In a warming world, New England’s trees are storing more carbon - chmaynard
https://news.harvard.edu/gazette/story/2020/08/new-englands-trees-capturing-more-carbon-says-25-year-study/
======
seanwilson
For the people here promoting planting more trees and new technology as a
solution, have you seriously considered:

1) How many existing forests we wouldn't have to cut down if we transitioned
away from meat & dairy ?

2) How much extra space that would also give us to plant more trees?

3) How much green house gas are from animal farming in the first place?

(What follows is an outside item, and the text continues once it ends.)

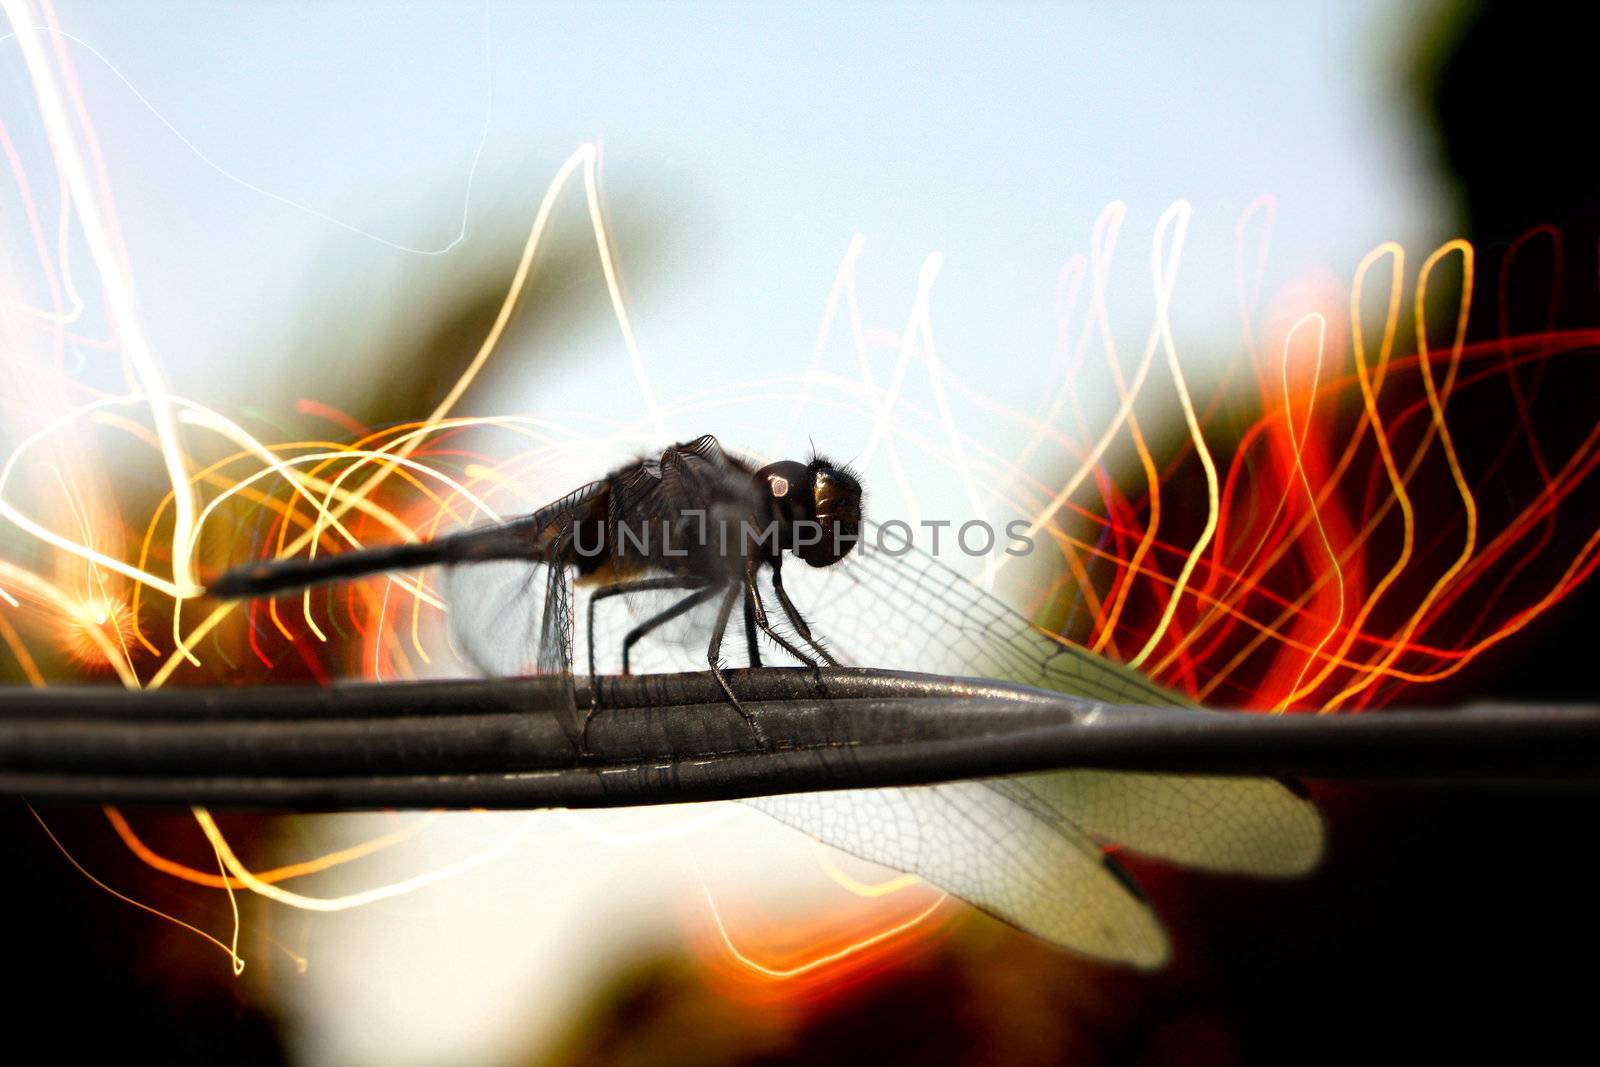 A dragonfly (Flying insect) sitting on a communications cable surrounded with wireless signals. The image depicts the dragonfly as a wireless communication transmitter or reciever.

[https://ourworldindata.org/agricultural-land-by-global-
diets](https://ourworldindata.org/agricultural-land-by-global-diets):

\- There's 104 million km^2 of habitable land on earth

\- 40 million km^2 goes to meat & dairy (includes grazing land + land used for
crops for animal feed)

\- 11 million km^2 goes to plants to feed humans

\- 83% of the global calorie supply for humans comes from plants vs 18% from
meat (i.e. meat is very inefficient)

\- Demand for meat is going to continue going up so deforestation is going to
keep going up: "As we get richer, our diets tend to diversify and per capita
meat consumption rises; economic development unfortunately exerts an
increasing impact on land resources. If we want per capita meat consumption to
be able to rise sustainably at lower incomes, per capita meat consumption at
high incomes will have to decrease."

[https://en.wikipedia.org/wiki/Environmental_impact_of_meat_p...](https://en.wikipedia.org/wiki/Environmental_impact_of_meat_production):

> the IPCC (Intergovernmental Panel on Climate Change) has estimated that
> agriculture (including not only livestock, but also food crop, biofuel and
> other production) accounted for about 10 to 12 percent of global
> anthropogenic greenhouse gas emissions (expressed as 100-year carbon dioxide
> equivalents) in 2005[58] and in 2010.[59]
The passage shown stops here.